The London Borough of Hammersmith and Fulham is a London borough in West London and which also forms part of Inner London. The borough was formed in 1965 as the London Borough of Hammersmith from the merger of the former Metropolitan Boroughs of Fulham and Hammersmith. The name was changed to Hammersmith and Fulham in 1979. The borough borders Brent to the north, the Royal Borough of Kensington and Chelsea to the east, Wandsworth to the south, Richmond upon Thames to the south west, and Hounslow and Ealing to the west.

Traversed by the east–west main roads of the A4 Great West Road and the A40 Westway, many international corporations have offices in the borough. The local council is Hammersmith and Fulham London Borough Council. The borough is amongst the four most expensive boroughs for residential properties in the United Kingdom, along with Kensington and Chelsea, the City of Westminster and Camden.

The borough is unique in London in having three professional football clubs: Chelsea, Fulham and Queens Park Rangers.

==History==
The area of the modern borough broadly corresponds to the ancient parish of Fulham, which was part of the county of Middlesex. The manor (estate) of Fulham can be traced back to the seventh century when it was granted to the Bishop of London.

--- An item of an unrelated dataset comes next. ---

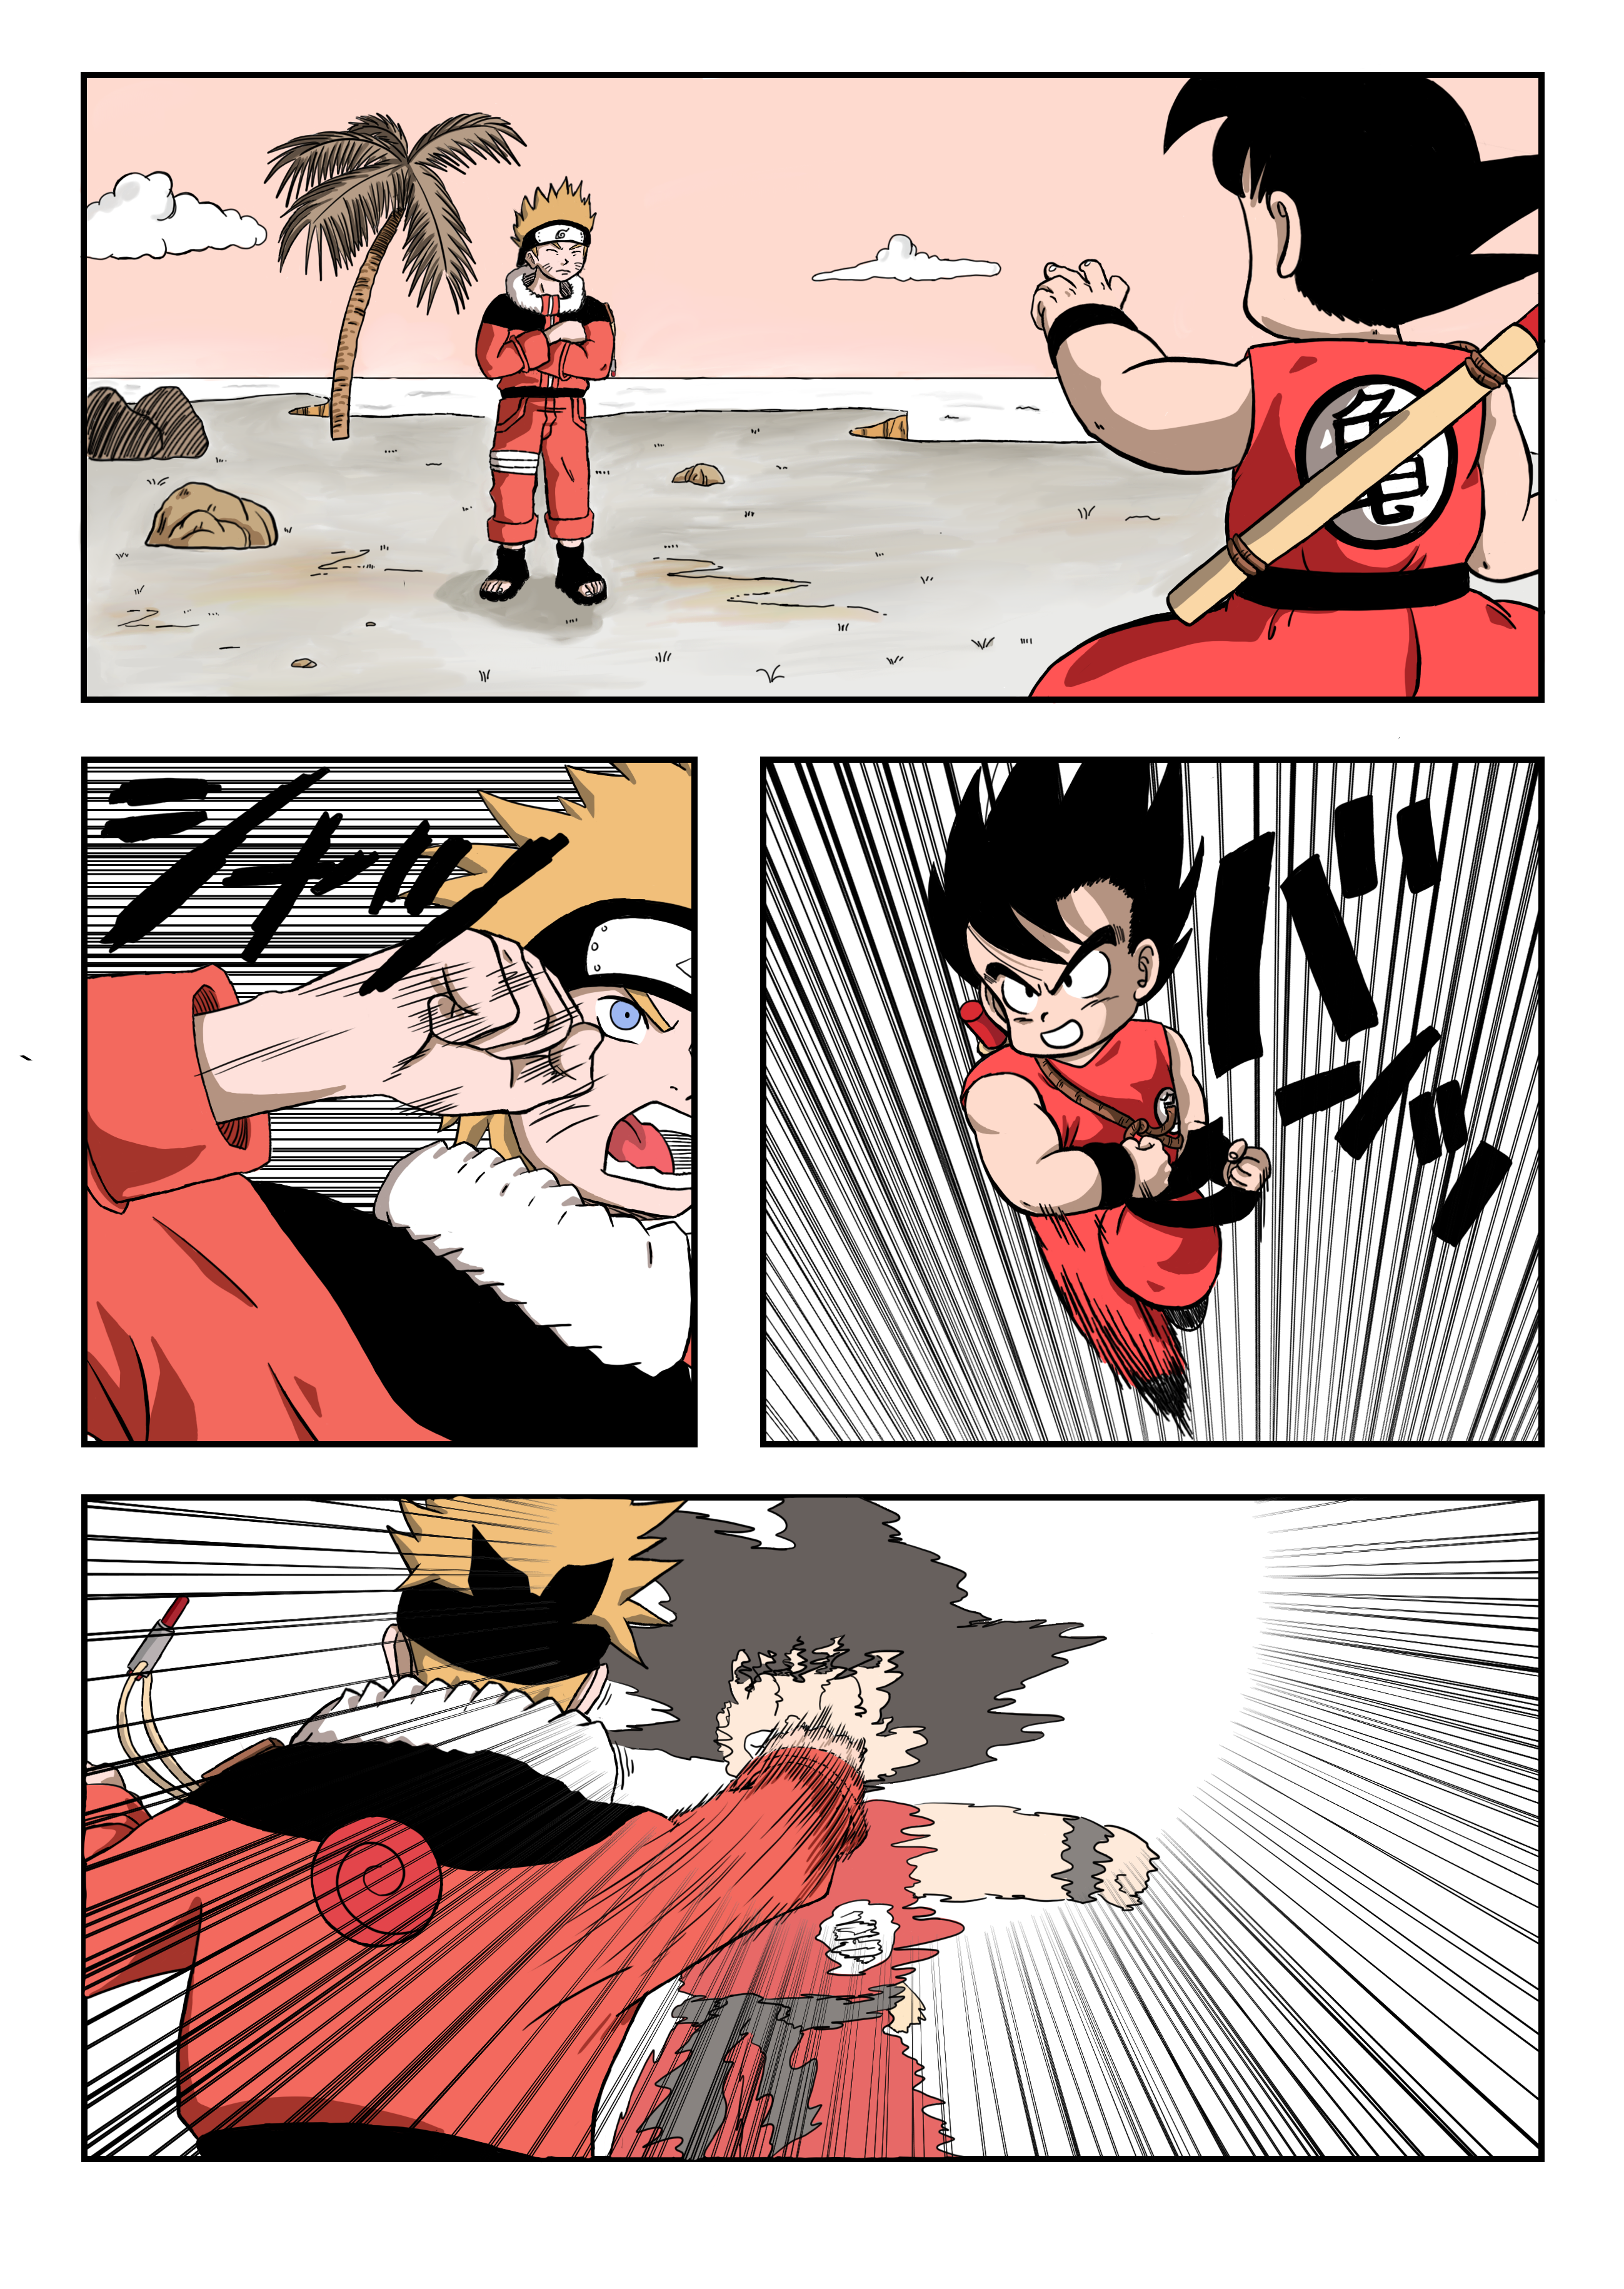 Commission - Naruto VS Goku by dannex009 on DeviantArt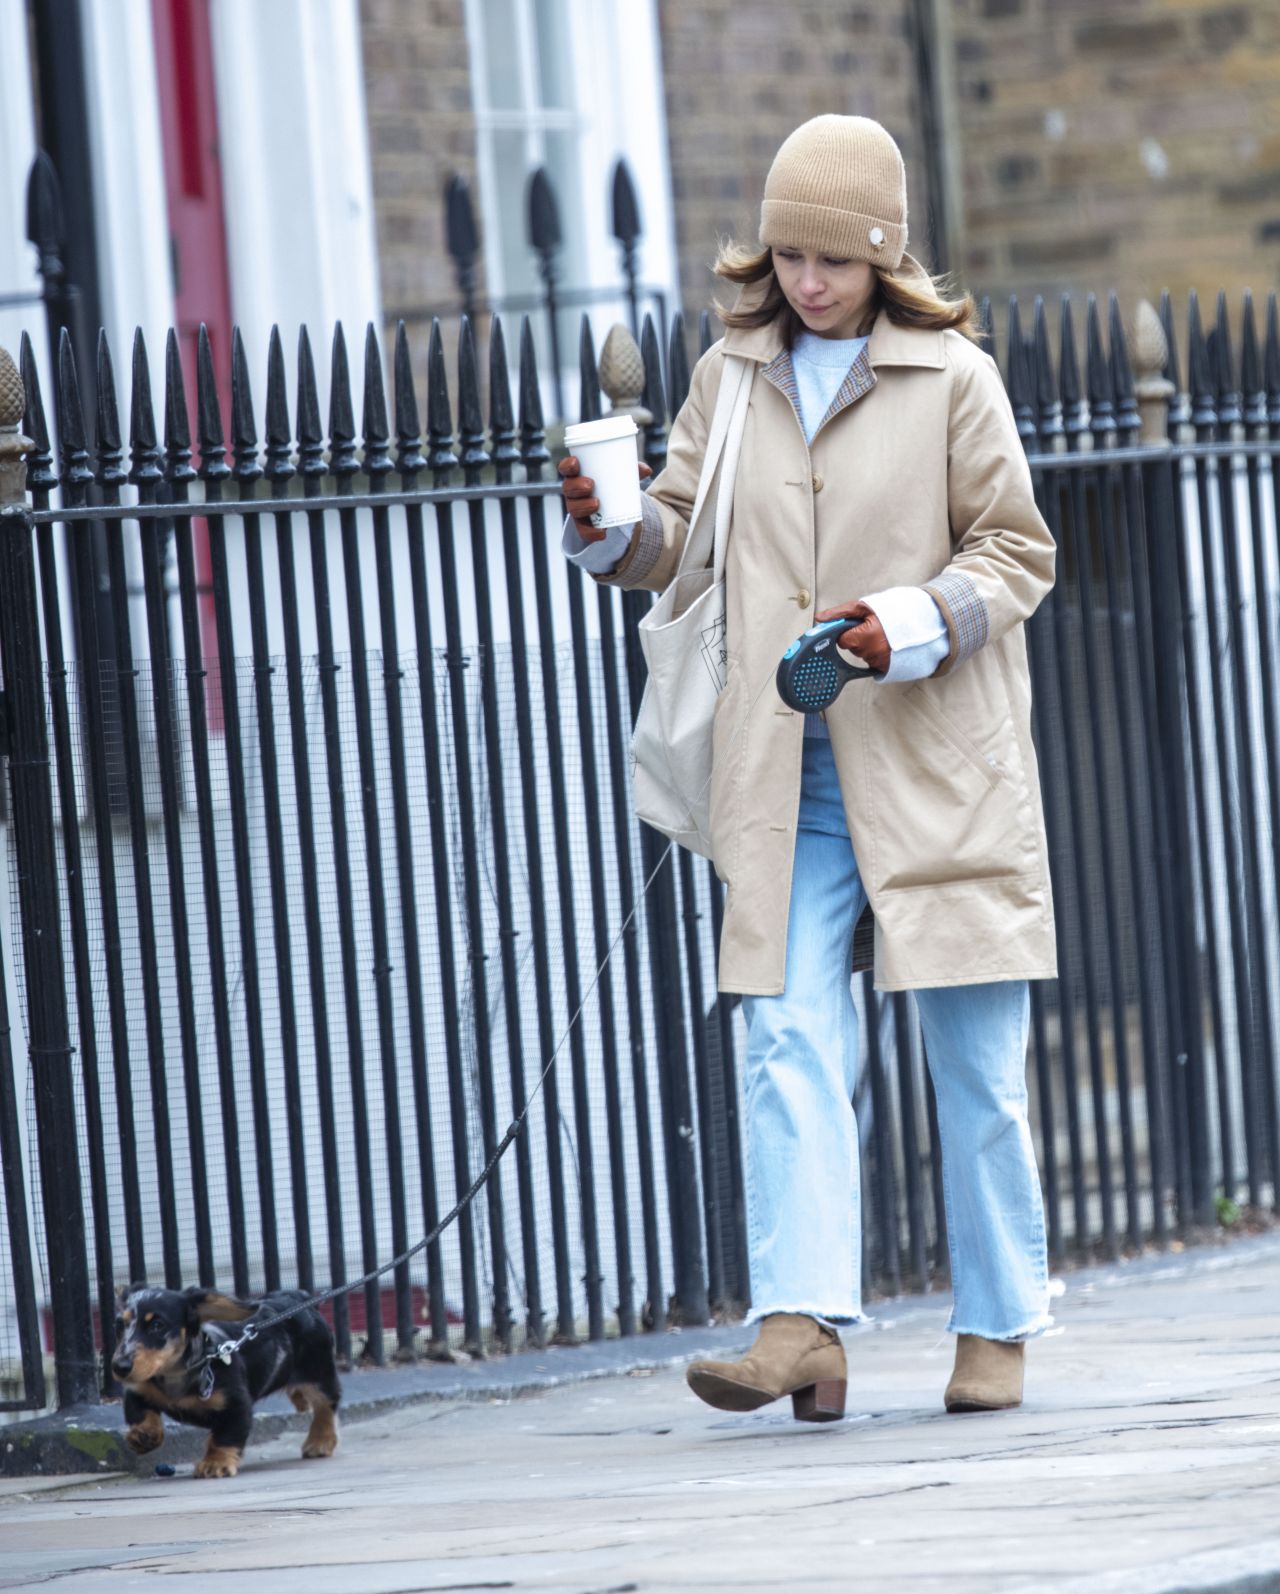 Emilia Clarke Wears Cute Summer Outfit While Walking Her Dog in London:  Photo 4595220, Emilia Clarke Photos

The chapelry of Hammersmith was given its own vestry in 1631, making it a separate civil parish from Fulham.

From 1856 the area was governed by the Metropolitan Board of Works, which was established to provide services across the metropolis of London. In 1889 the Metropolitan Board of Works' area was made the County of London. From 1856 until 1900 the lower tier of local government within the metropolis comprised various parish vestries and district boards. From 1856 until 1886 the two parishes of Fulham and Hammersmith were administered together as the Fulham District. The Fulham district was dissolved in 1886 when the vestries for its two parishes took on district functions.

In 1900 the lower tier was reorganised into metropolitan boroughs, the two parishes becoming the Metropolitan Borough of Fulham and the Metropolitan Borough of Hammersmith.

The modern borough was formed in 1965 under the London Government Act 1963, covering the combined area of the former metropolitan boroughs of Fulham and Hammersmith. The new borough was originally called the London Borough of Hammersmith, but the council changed the borough's name to the London Borough of Hammersmith and Fulham with effect from 1 April 1979.

Fulham saw industrialisation and urbanisation from the start of the 19th century, with the establishment of the world's first energy utility company, at Sands End in 1824, followed by road and rail transport development to the east of the borough. Vacant land by the new railway sidings on the boundary with Kensington and Chelsea London Borough Council led to the development of the Earls Court Exhibition Centre, visited by Queen Victoria in 1879 when she attended Bill Cody's Wild West Show at West Brompton. There followed numerous international fairs and exhibitions for a century until the construction of Earls Court II in the borough in the 1980s. This was dismantled by developers in 2015.

At the other end of today's borough, in 1908, the Franco-British Exhibition and Olympic Games were hosted in Hammersmith, at White City, London, but the site then took many decades to be redeveloped. In 1960, the BBC opened the BBC Television Centre. Westfield London opened in 2008, a large development with new transport links and a shopping centre.

==Districts==
The borough includes the areas:
- Brook Green
- Chelsea Harbour (adjoining Chelsea)
- College Park (adjoining Kensal Green)
- East Acton (adjoining London Borough of Ealing)
- Fulham
- Hammersmith
- Old Oak Common (adjoining Harlesden)
- Parsons Green
- Sands End
- Shepherd's Bush
- Walham Green
- West Kensington
- White City

see also parks and open spaces in Hammersmith and Fulham

==Governance==

The local authority is Hammersmith and Fulham Council, which usually meets at Hammersmith Town Hall.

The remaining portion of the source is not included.